- Battle of Langat River: Part of Acehnese–Portuguese conflicts
| Date | 1628 |
| Location | Langat River, Malay Peninsula (present day Selangor, Malaysia) |
| Result | Portuguese victory |

Belligerents
- Portuguese Empire: Aceh Sultanate

Commanders and leaders
- Dom Francisco Coutinho: King of Dely

Strength
- 15 half-galleys.: 100 ships 35 galleys;

Casualties and losses
- Few: 99 vessels 3,000 men 800 guns

= Battle of Langat River =

The Battle of Langat River was an armed encounter between a fleet of the Portuguese Empire and the Sultanate of Aceh, within the Langat River in the Malay peninsula in 1628. The Portuguese were victorious.

==The battle==
Sometime after late May or early June, Portuguese command at Malacca received reports that an Acehnese armada had been spotted within the Langat River. Anticipating that the Acehnese intended to attack the city, the captain of Malacca Gaspar de Melo de Sampaio tasked Dom Francisco Coutinho to seek out the fleet and destroy it, with 15 half-galleys.

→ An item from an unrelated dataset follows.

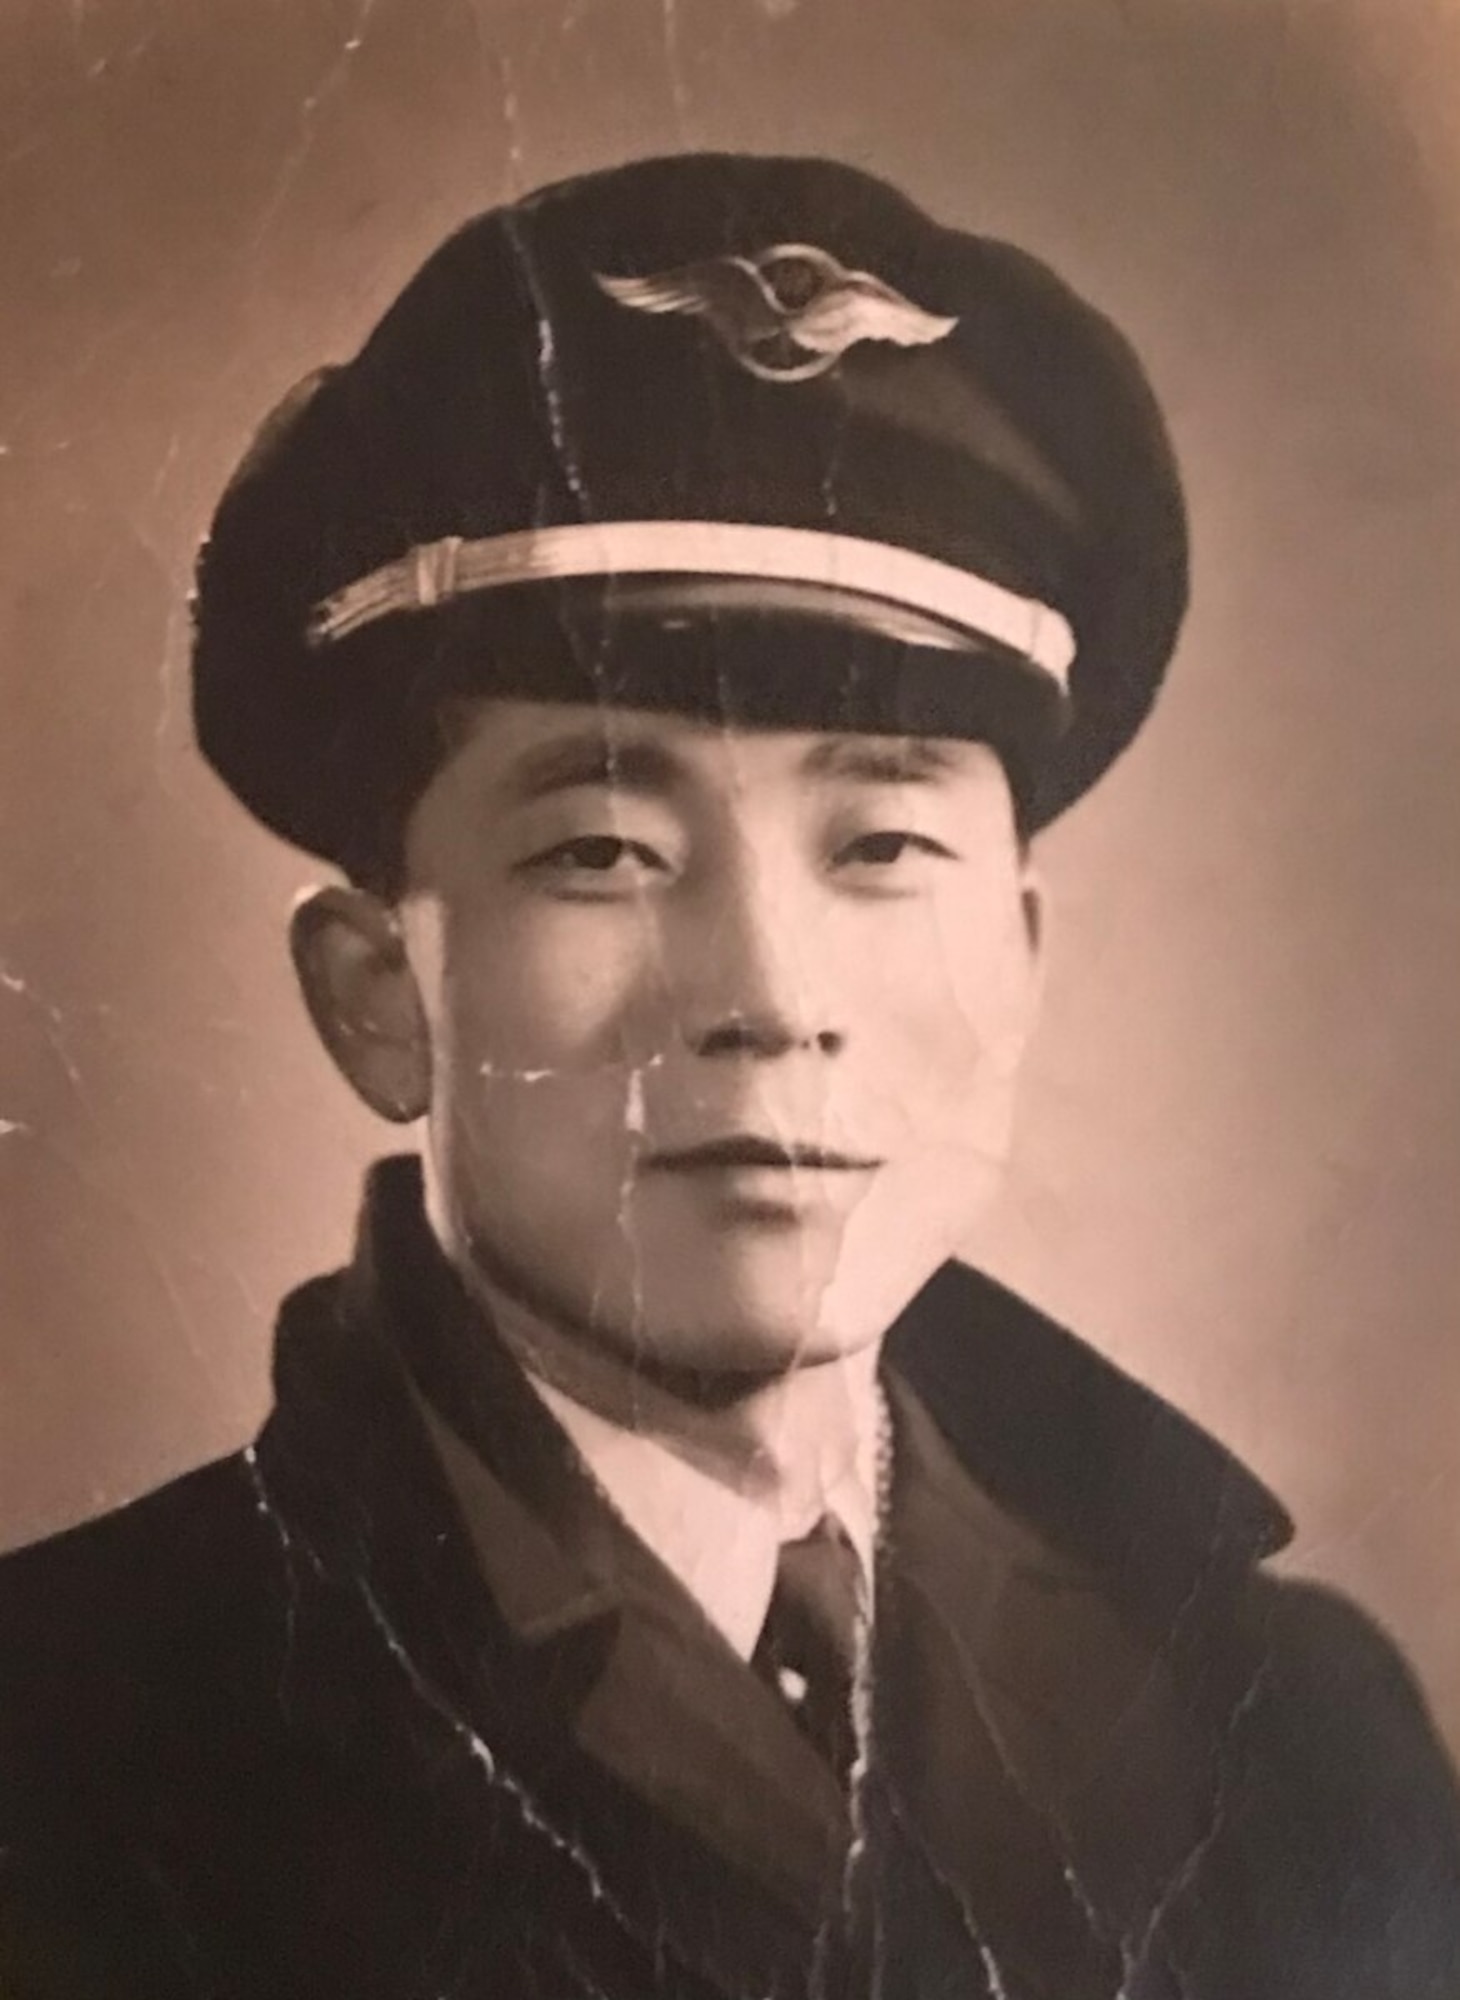 Republic of Korea Air Force senior noncommissioned officer 장용선 (Young Sun Chang) poses for an official photo in South Korea, 1952.
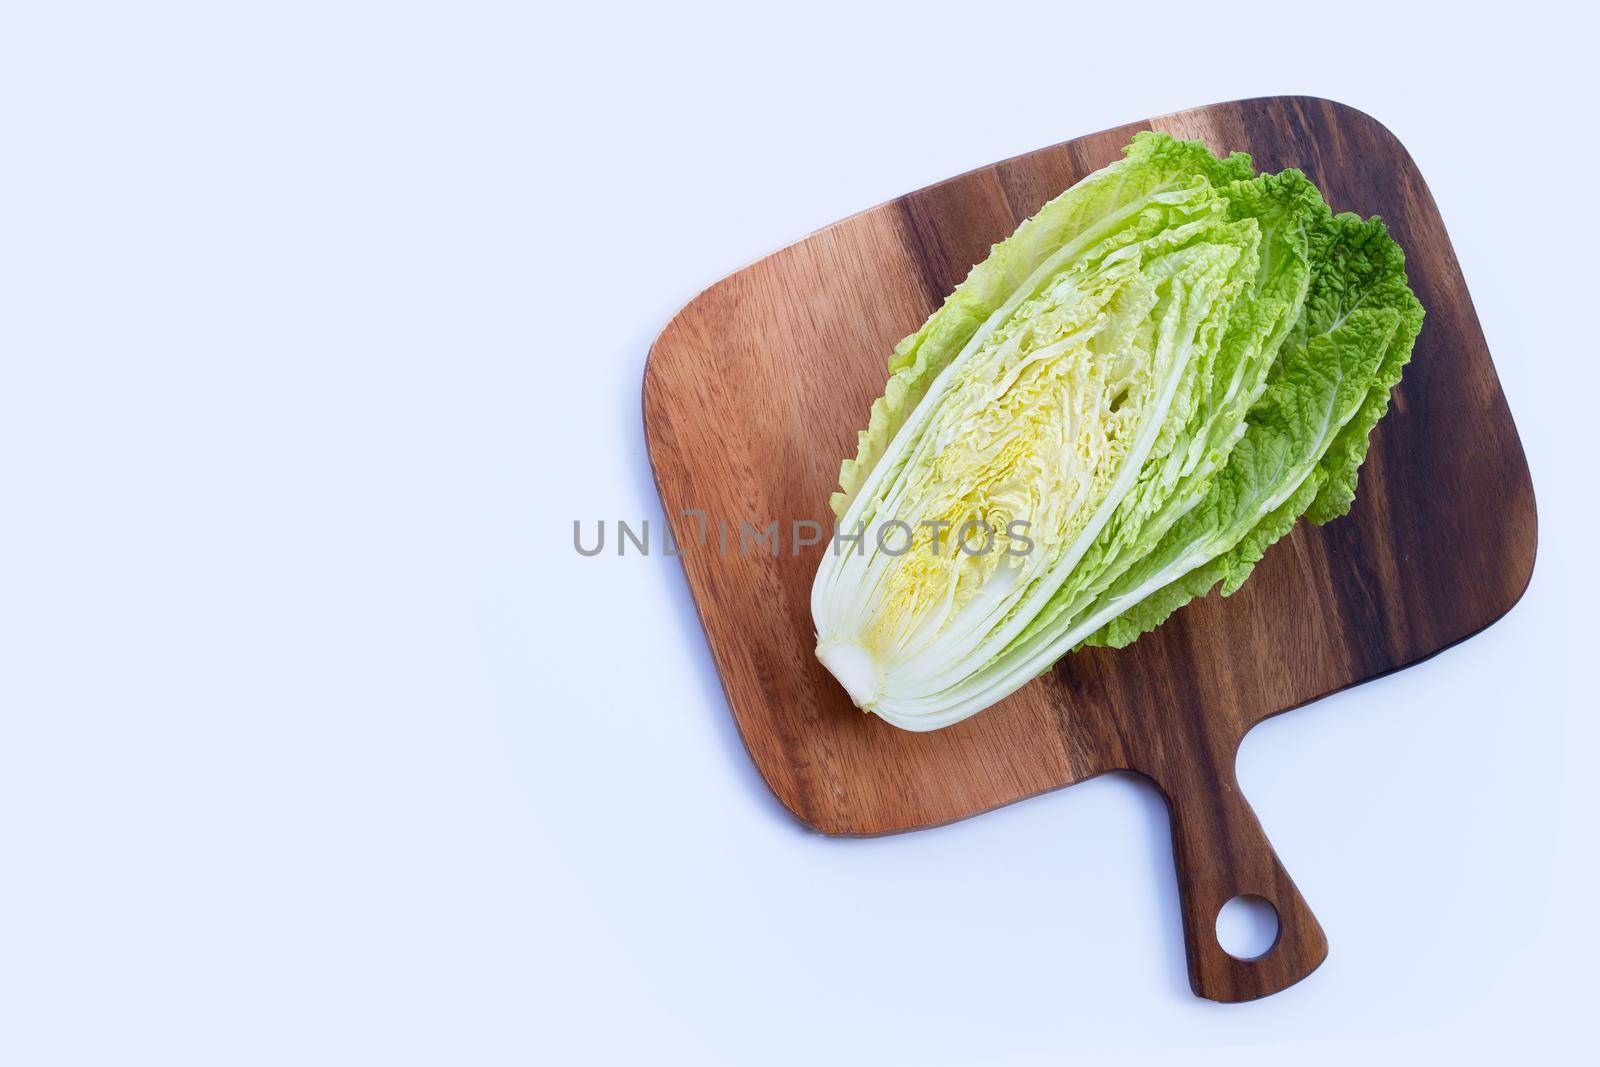 Chinese cabbage on wooden cutting board on white background. Copy space

The Portuguese found the Acehnese ships heavily fortified by the banks of Langat River. Nevertheless, Coutinho moved his oarships into the river and after firing a salvo of artillery and muskety grappled and boarded the Acehnese vessels closest of the mouth of the river. At the end of a stiff struggle, having suffered heavy losses, the Acehnese lost or abandoned almost all of their ships, 3000 men killed, captured or missing, and 800 guns captured by the Portuguese.